SynHAT: A Two-stage Coarse-to-Fine Diffusion Framework for Synthesizing Human Activity Traces

arXiv cs.AI / 4/17/2026

📰 NewsModels & Research

Key Points

  • SynHAT is a new two-stage coarse-to-fine diffusion framework designed to synthesize realistic, privacy-preserving human activity traces (HATs) for applications like mobility modeling and POI recommendation.
  • It addresses HAT irregularity and dynamic time gaps by using a spatio-temporal denoising diffusion model with a Latent Spatio-Temporal U-Net featuring dual Drift-Jitter branches to capture both smooth spatial transitions and temporal variations.
  • Stage 1 (Coarse-HADiff) learns coarse-grained spatio-temporal dependencies, while Stage 2 refines outputs via a three-step pipeline: Behavior Pattern Extraction, Fine-HADiff (same architecture), and Semantic Alignment to generate fine-grained latent traces.
  • Extensive evaluations on multi-city real-world datasets show SynHAT significantly improves over prior baselines, including 52% gains on spatial metrics and 33% gains on temporal metrics, while considering fidelity, utility, privacy, robustness, and scalability.

Abstract

Human activity traces (HATs) are critical for many applications, including human mobility modeling and point-of-interest (POI) recommendation. However, growing privacy concerns have severely limited access to authentic large-scale HAT datasets. Recent advances in generative AI provide new opportunities to synthesize realistic and privacy-preserving HATs for such applications. Yet two major challenges remain: (i) HATs are highly irregular and dynamic, with long and varying time intervals, making it difficult to capture their complex spatio-temporal dependencies and underlying distributions; and (ii) generative models are often computationally expensive, making long-term, fine-grained HAT synthesis inefficient. To address these challenges, we propose SynHAT, a computationally efficient coarse-to-fine HAT synthesis framework built on a novel spatio-temporal denoising diffusion model. In Stage 1, we develop Coarse-HADiff, which models the overall spatio-temporal dependencies of coarse-grained latent spatio-temporal traces. It incorporates a novel Latent Spatio-Temporal U-Net with dual Drift-Jitter branches to jointly model smooth spatial transitions and temporal variations during denoising.

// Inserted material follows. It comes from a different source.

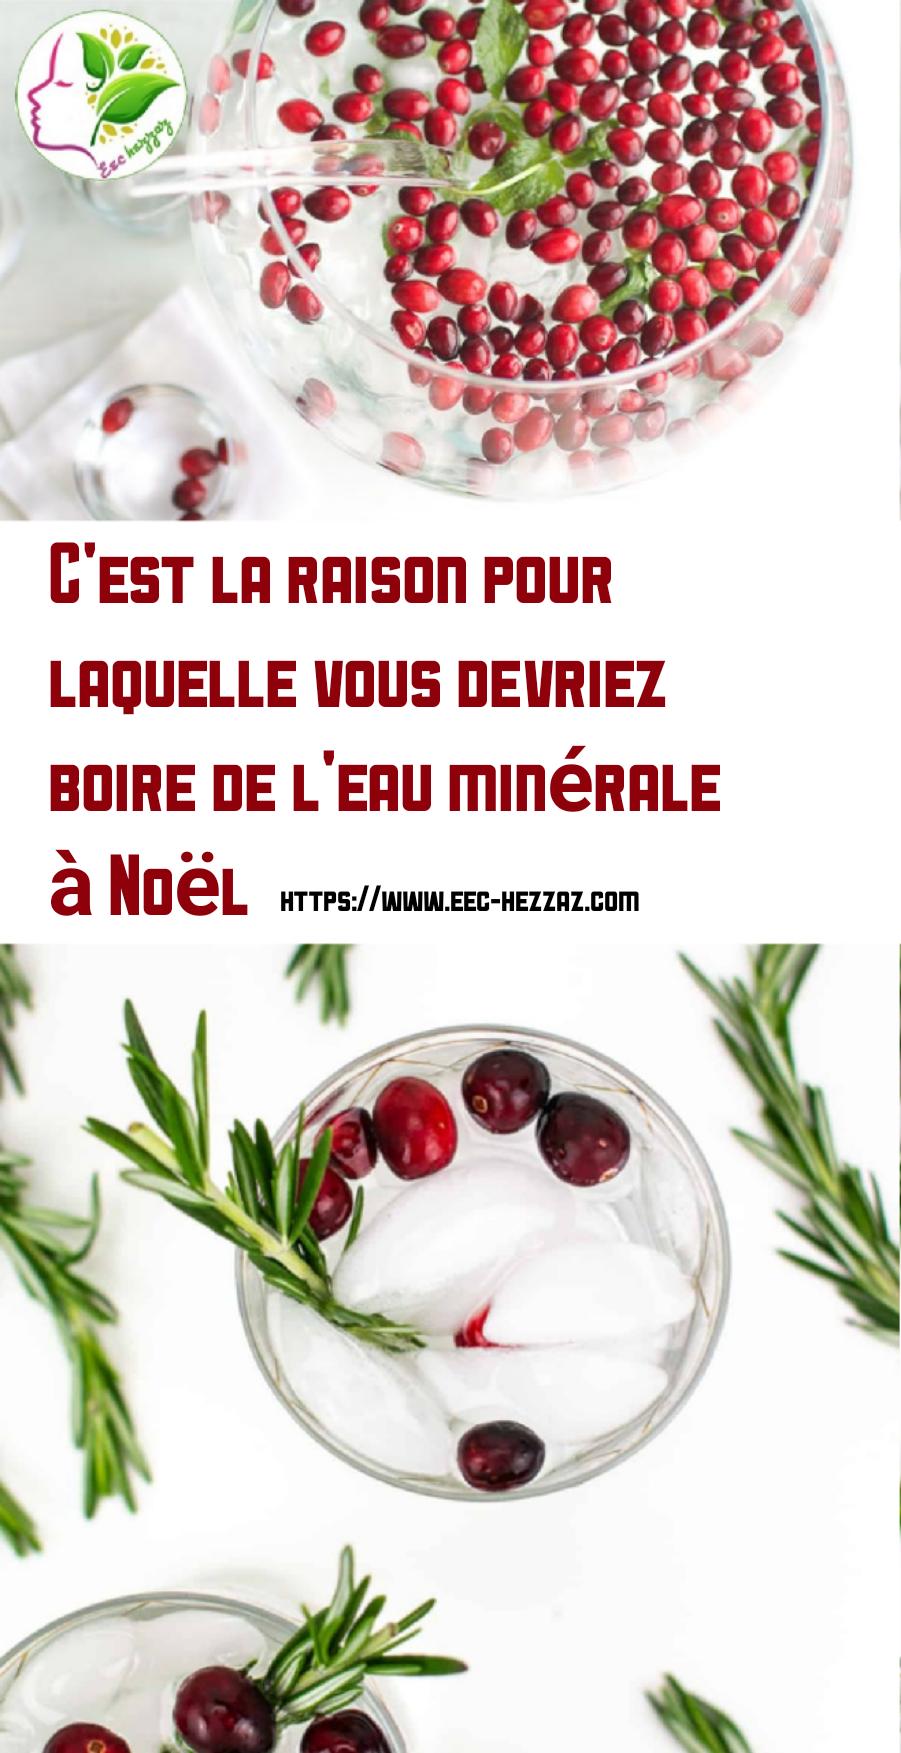 C'est la raison pour laquelle vous devriez boire de l'eau minérale à Noël

In Stage 2, we introduce a three-step pipeline consisting of Behavior Pattern Extraction, Fine-HADiff, which shares the same architecture as Coarse-HADiff, and Semantic Alignment to generate fine-grained latent spatio-temporal traces from the Stage 1 outputs. We extensively evaluate SynHAT in terms of data fidelity, utility, privacy, robustness, and scalability. Experiments on real-world HAT datasets from four cities across three countries show that SynHAT substantially outperforms state-of-the-art baselines, achieving 52% and 33% improvements on spatial and temporal metrics, respectively.